Mr. Striuk said more than 1,500 residents have died of various causes since Russia’s invasion of Ukraine in late February. Evacuation efforts from Sievierodonetsk have been halted because of shelling.

“Civilians are dying from direct strikes, from fragmentation wounds and under the rubble of destroyed buildings, since most of the inhabitants are hiding in basements and shelters,” Mr. Striuk said.

According to London’s Guardian newspaper, while the U.K.’s Ministry of Defense has made much of Russian losses throughout the war — most recently focusing on the mounting casualties among junior officers — Russian gains in the Donbas appear to tell a different story, for now at least. Increasing anecdotal evidence suggests that Ukraine is suffering heavy casualties in recent fighting in the east, largely from shrapnel, and there are reports of equipment and supply problems, the newspaper reported. It said that Russian forces appear to be preparing for a fresh push farther north amid evidence that they are regrouping near the Ukrainian town of Izium to renew their stalled efforts against Slovyansk.

In his nightly video address, President Zelensky said the situation in the Donbas is “extremely difficult” as Russia has put its army’s “maximum combat power” there.

In the meantime, the AP reported that the European Union’s groundbreaking decision to ban nearly all oil from Russia to punish the country for its invasion of Ukraine is a blow to Moscow’s economy, but its effects may be blunted by rising energy prices and other countries willing to buy Russian oil. 

European Union leaders agreed late Monday to cut Russian oil imports by about 90 percent over the next six months, a dramatic move that was considered unthinkable just months ago.

The 27-country bloc relies on Russia for 25 percent of its oil and 40 percent of its natural gas, and European countries that are even more heavily dependent on Russia had been especially reluctant to act.

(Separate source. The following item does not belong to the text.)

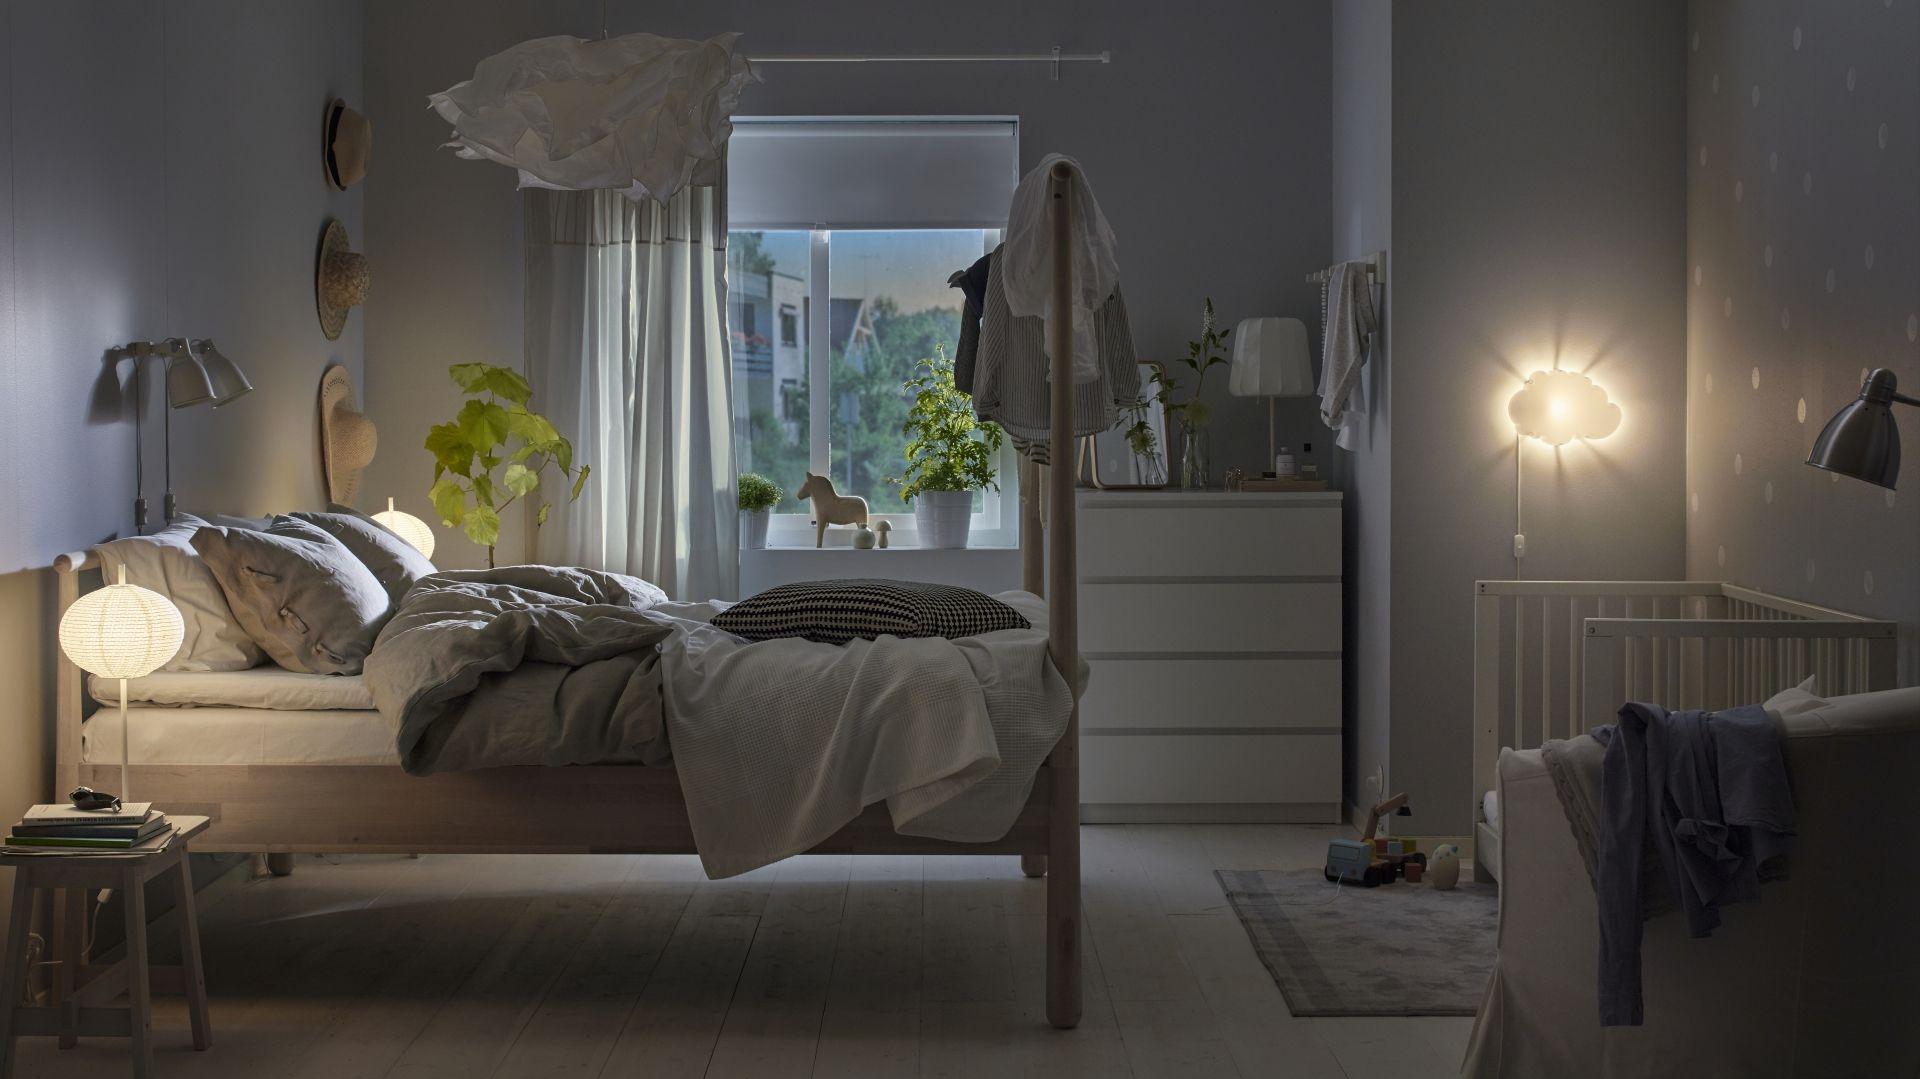 Ladekast Slaapkamer Hout : GjÖra bedframe ikea ikeanl ikeanederland bed slaapkamer slapen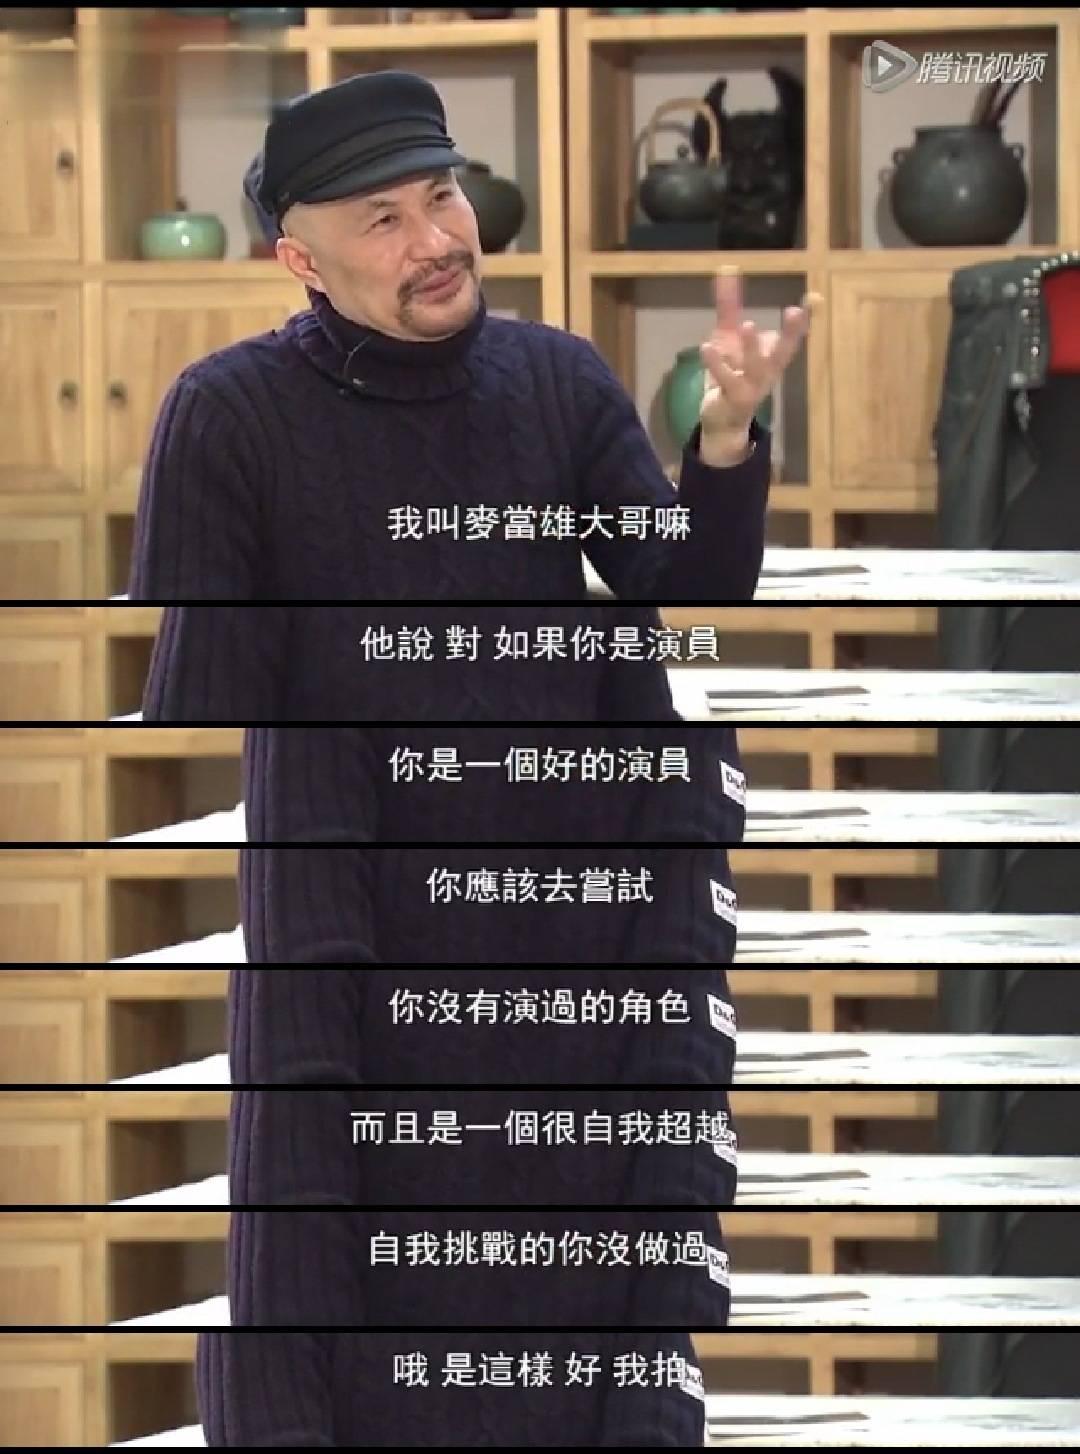 雷神哥和徐锦江

The Telegraph reported that member states were split between those desperate to decouple from Kremlin-controlled energy, landlocked nations hopelessly hooked on it, and others somewhere in between.

The EU ban applies to all Russian oil delivered by sea. At Hungary’s insistence, it contains a temporary exemption for oil delivered by the Russian Druzhba pipeline to certain landlocked countries in Central Europe. Hungary’s Viktor Orban compared the embargo to a nuclear bomb being dropped on his country’s economy.

In addition to retaining some European markets, Russia could sell some of the oil previously bound to Europe to China, India, and other customers in Asia, even though it will have to offer discounts, the CEO at consulting firm Macro-Advisory, Chris Weafer, said.

“Now, for the moment, that’s not financially too painful for Russia because global prices are elevated. They’re much higher than last year,” he said. “So even Russia offering a discount means that it’s probably selling its oil for roughly what it sold for last year also.”